Task
Could every line of the listing be output exactly, with the pictures skipped?

Supplied material
>>>
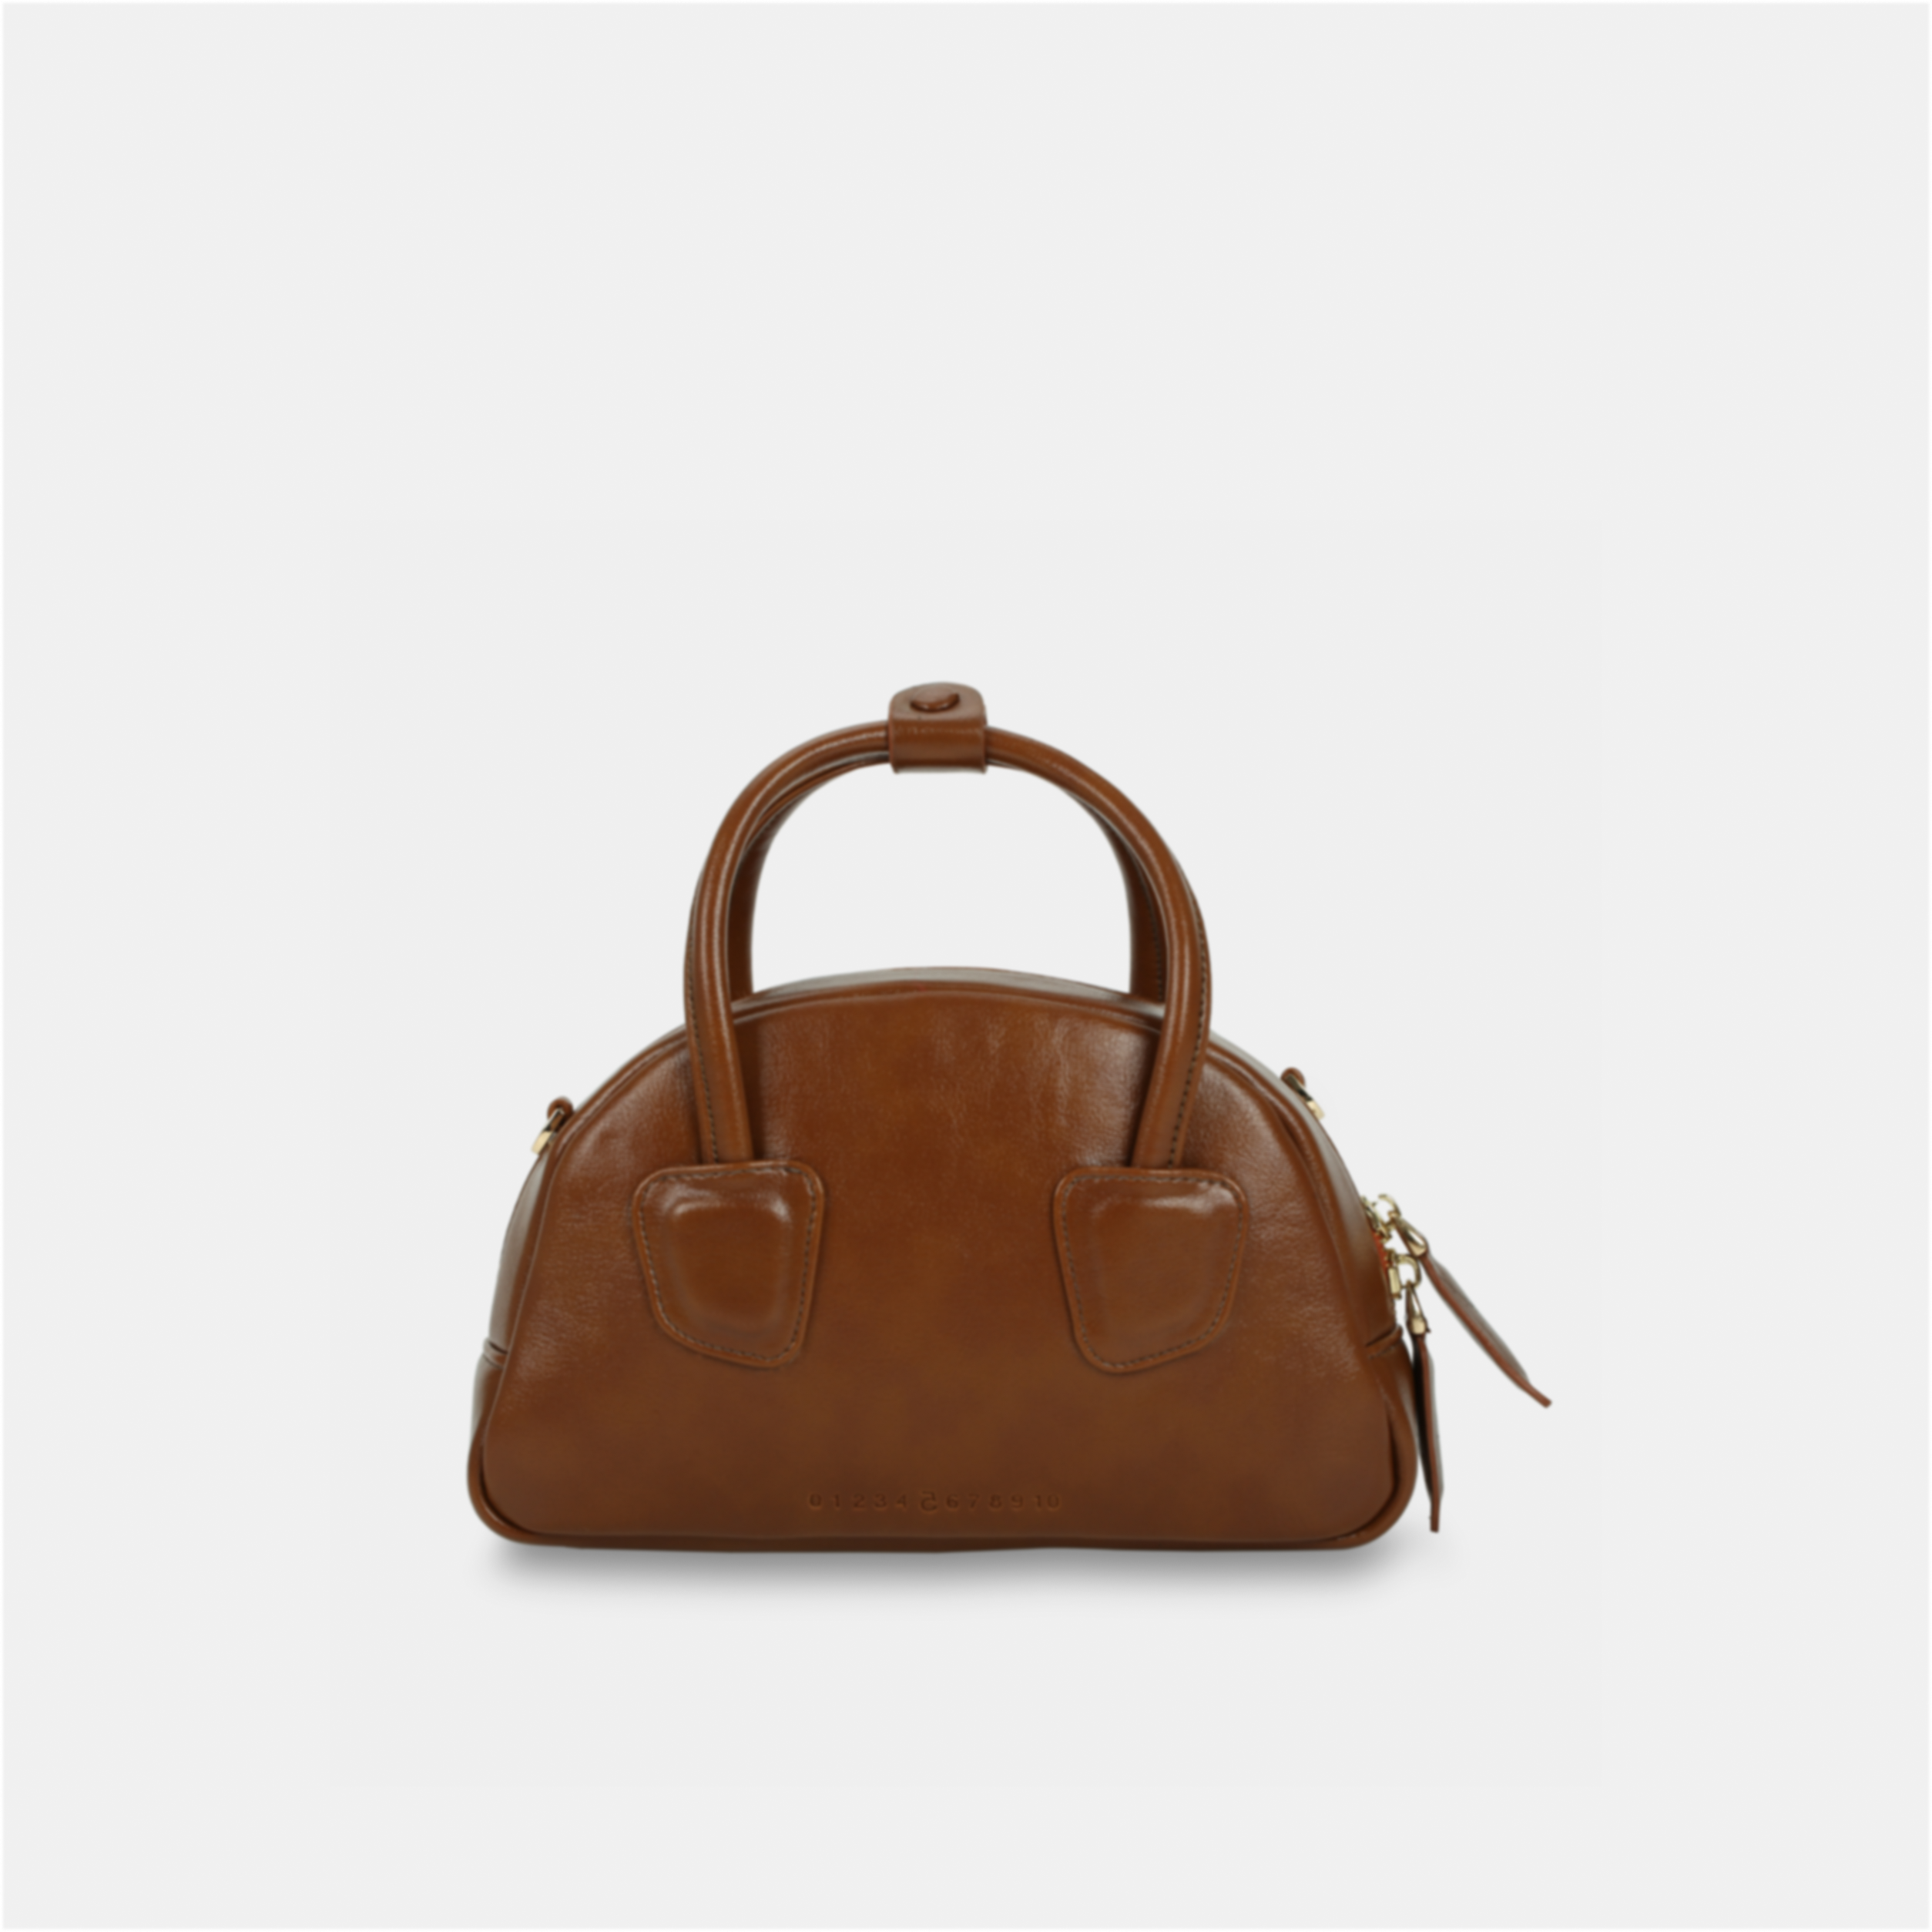 TACOS Handbag in Brown color large size (M)
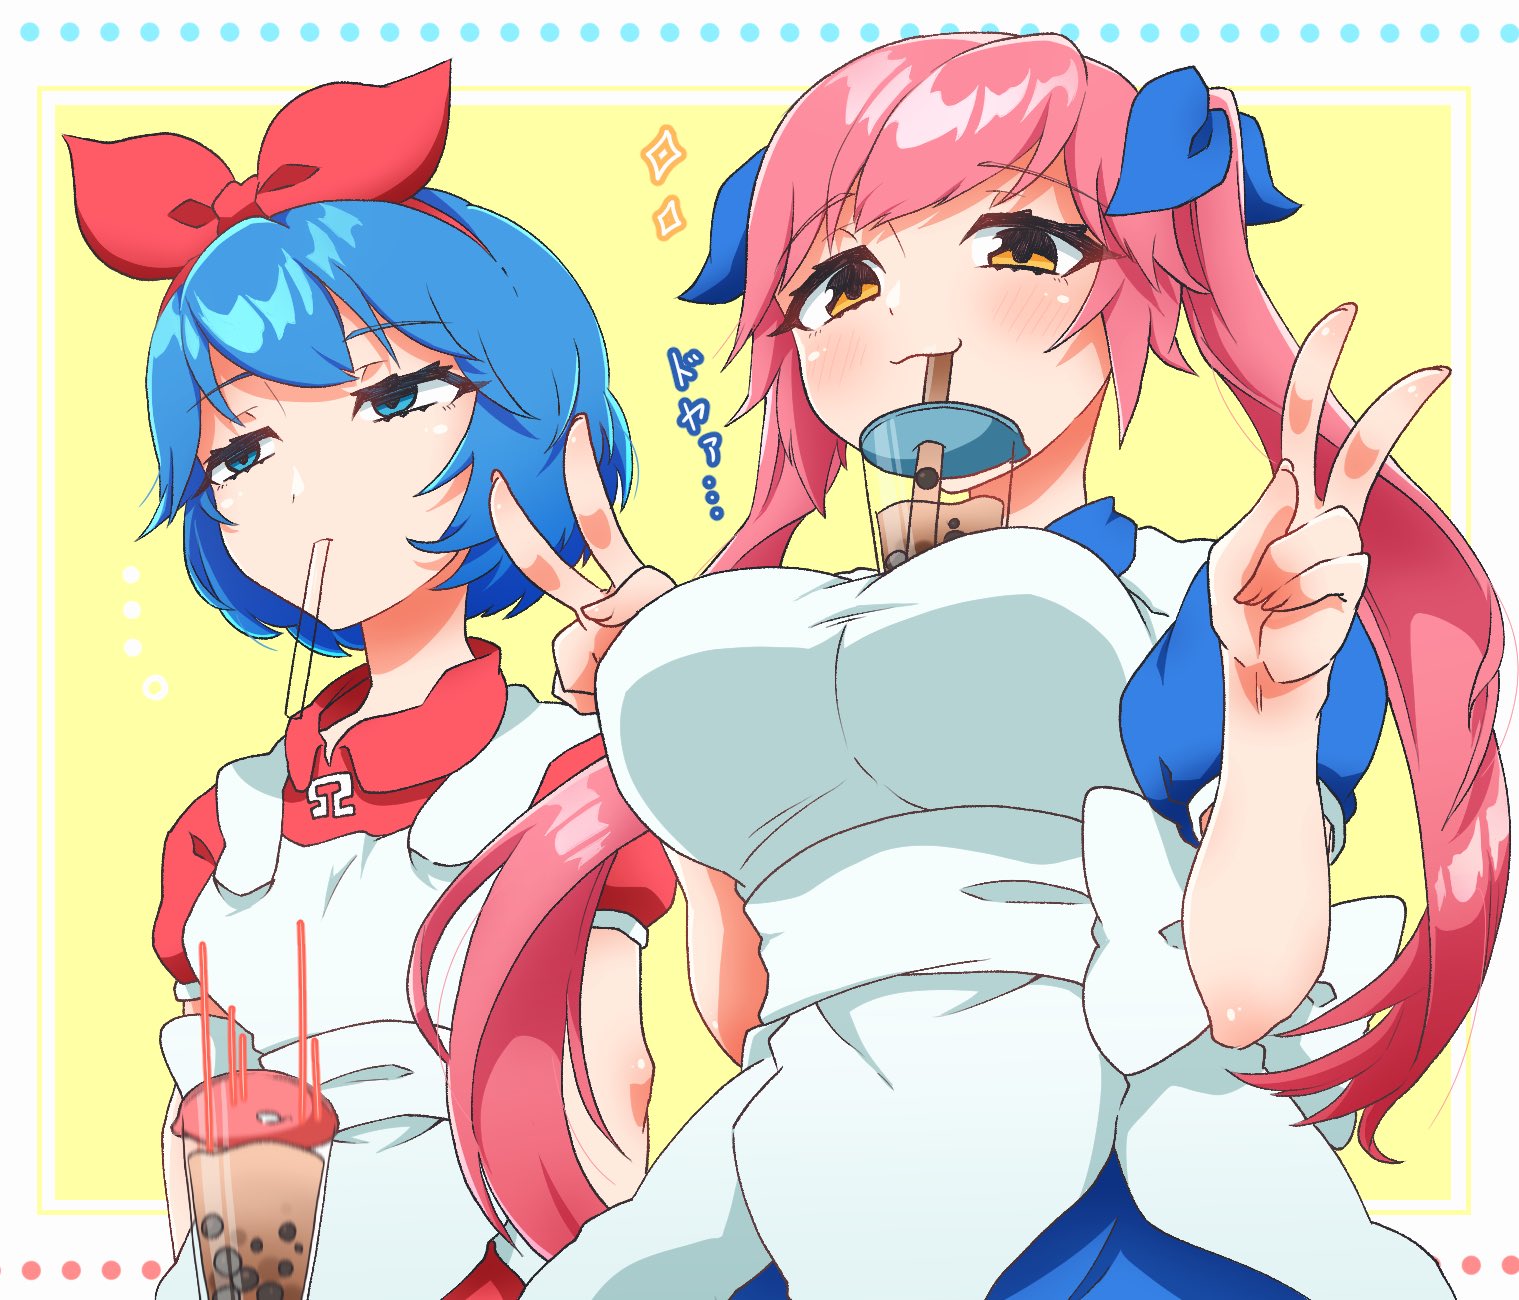 omega rio and omega rei (omega sisters) drawn by sakuramochi_( 
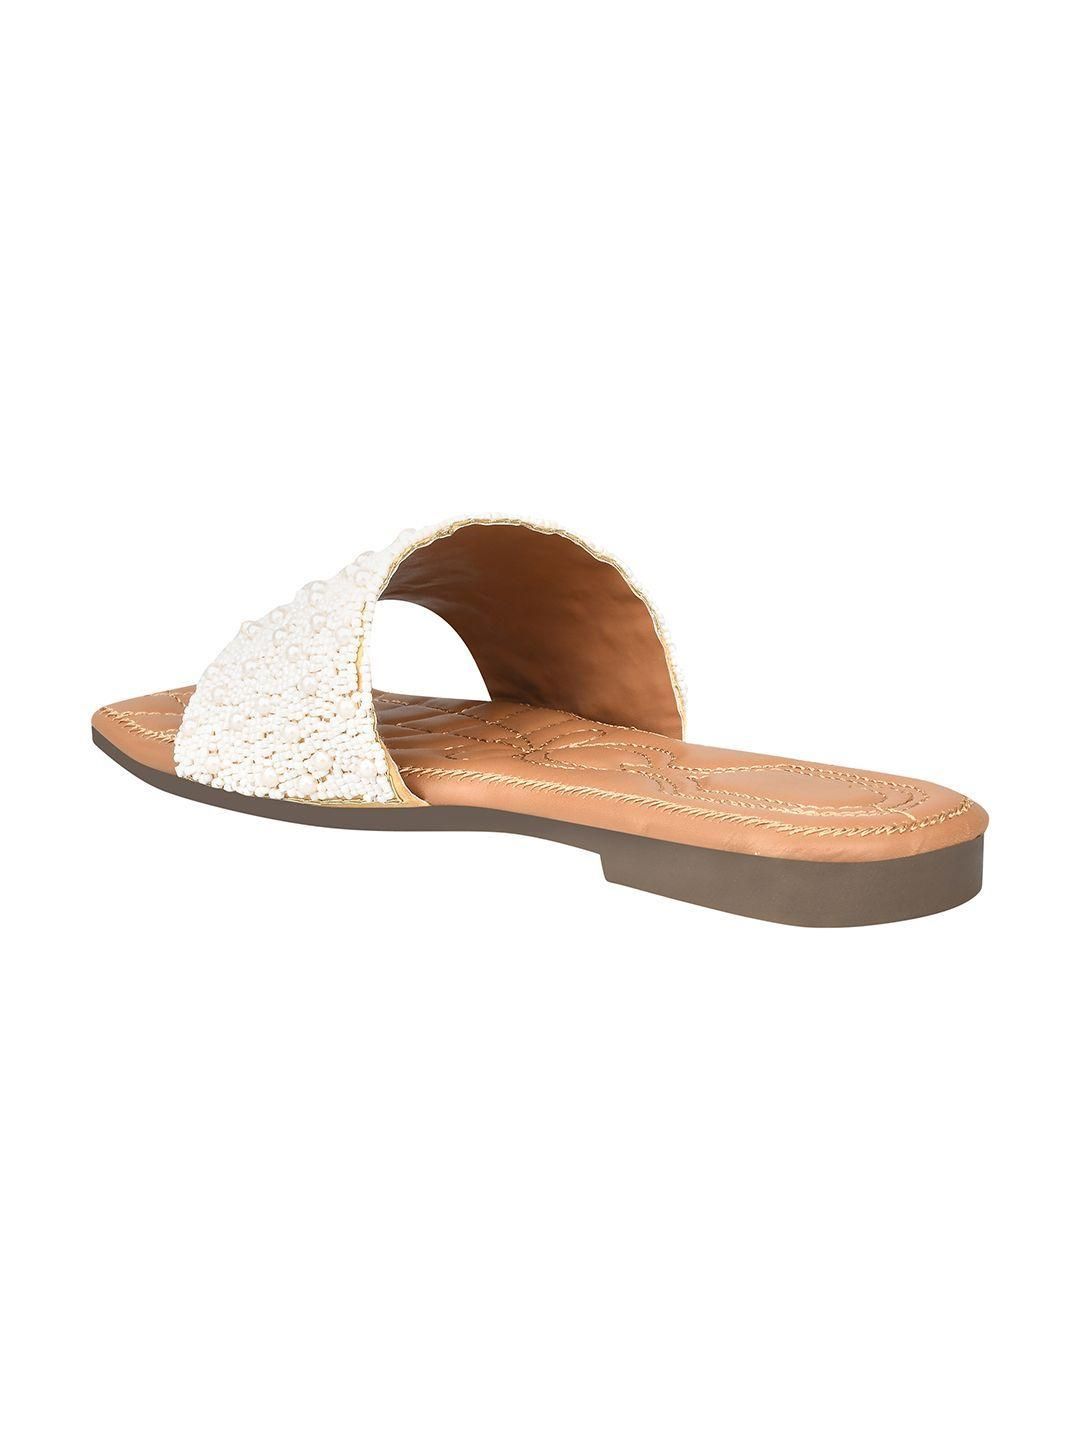 Comfortable & Stylish Flat Sandal For Women's
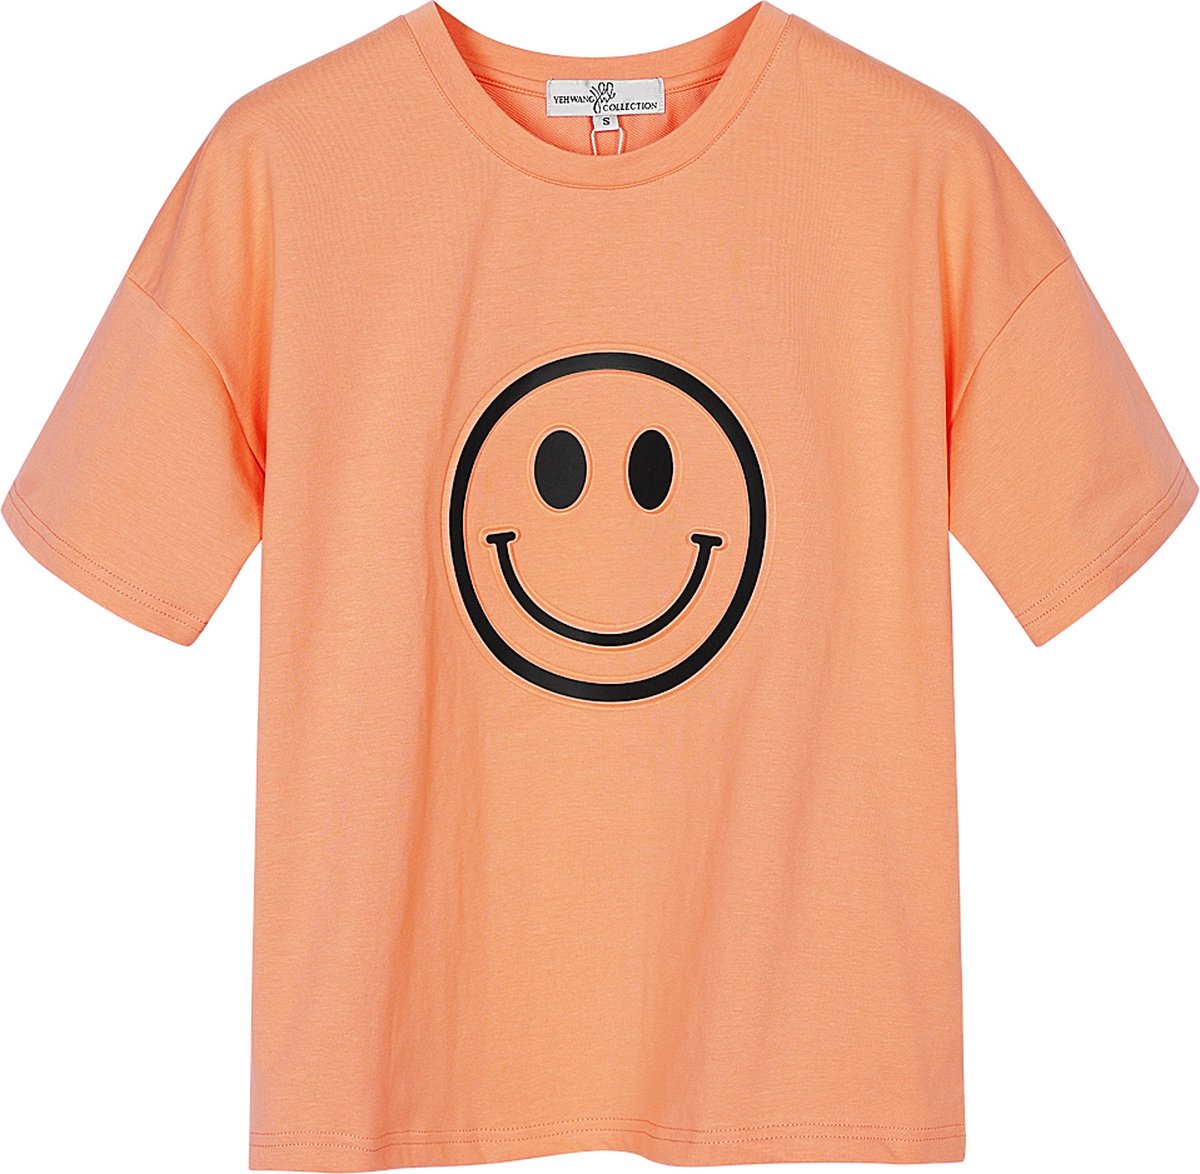 Yehwang - T-shirt met smiley - Oranje - Maat: M
<<<
Task response
 TACOS Handbag in Brown color large size (M)
 omega rio and omega rei (omega sisters) drawn by sakuramochi_( 
 Comfortable & Stylish Flat Sandal For Women's
 Yehwang - T-shirt met smiley - Oranje - Maat: M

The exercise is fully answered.